1948年に登場したホールデン FXは、1949年型シボレーとして企画されながら小さすぎるとして却下された車をベースにしていました。6気筒2.2L(52HP)エンジンを搭載したこの車はシンプルな設計ゆえ頑丈で、手頃な価格と適度な性能(3段変速で最高速130km/h)で、オーストラリアで一番売れた車となりました。デザイン的には同時期のアメリカ車そのものでしたが、サイズ的には全長4.37mと一回りほど小さかったです。(実車画像→ ホールデン FX 1948)
FXの後継車として1953年にFJが登場しました。FXがベースでデザイン的にはフロントグリルが少しだけ新しくなっていましたが、ほとんど同じでやや古くさい感じがします。エンジンも6気筒2.2L(60HP)とほぼ同じで、性能も同等でした。4ドアセダン、2ドアピックアップ、2ドアパネルバンのバリエーションがあり、商業的に大成功しました。1958年までに約17万台が生産されました。
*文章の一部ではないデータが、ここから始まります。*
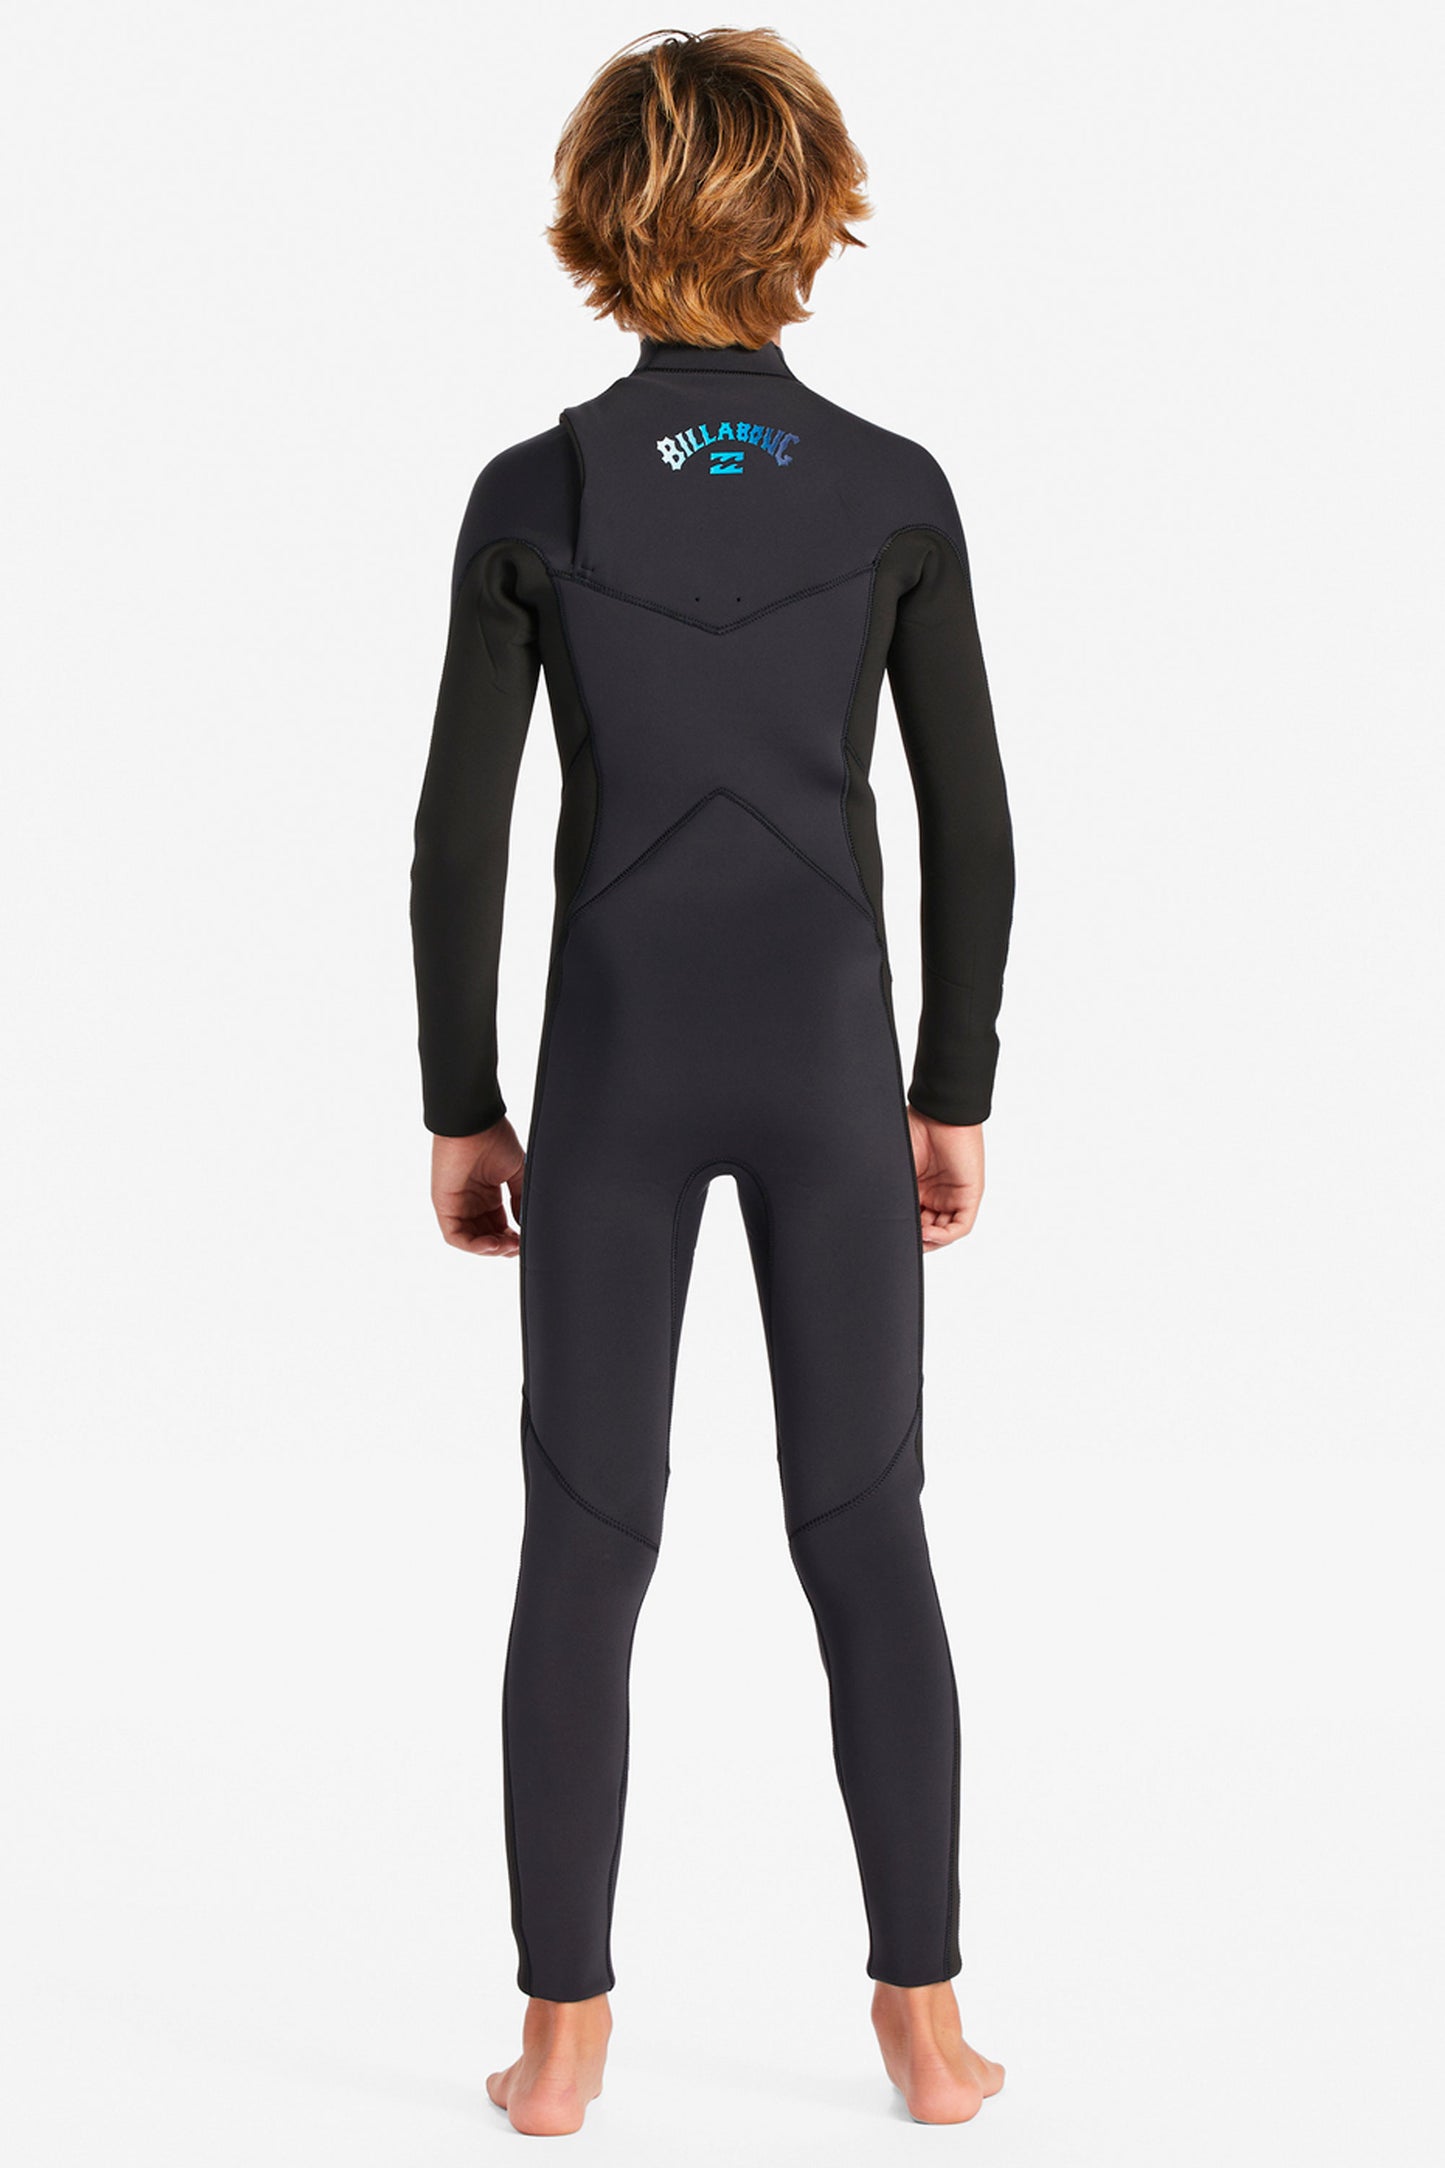 Pukas-Surf-Shop-Billabong-Wetsuit-Absolute-5-4mm-chest-zip-blue-fade

ミニカーはオーストラリアのTRAX(トラックス)というブランド製で1987年頃に購入しました。TRAXは1986年に設立されたオーストラリアの現存するブランドで、主にホールデンを1/43サイズでモデル化しています。輸入されていないので最近の物はわかりませんが、1980年代のミニカーとしては並みの出来ばえで、初期の物は香港製でした。このホールデン FJはプロポーションが良く、特別に凝ったところはありませんが、そこそこの良い出来ばえでした。ただし実車は道路事情を反映して最低地上高がかなり高かったとのことですので、このミニカーは車高が下がりすぎです。(経年変化で車軸を支えるスプリングがへたっているようです) これ以外のホールデンのミニカーはディンキー(英)が1963年式をモデル化していますが、1950-1970年代のホールデン車のミニカーはこのTRAXぐらいしかモデル化していませんので、車種的には貴重なミニカーでした。 以下はフロント/リアの拡大画像です。(画像のマウスオーバー又はタップで画像が変化します)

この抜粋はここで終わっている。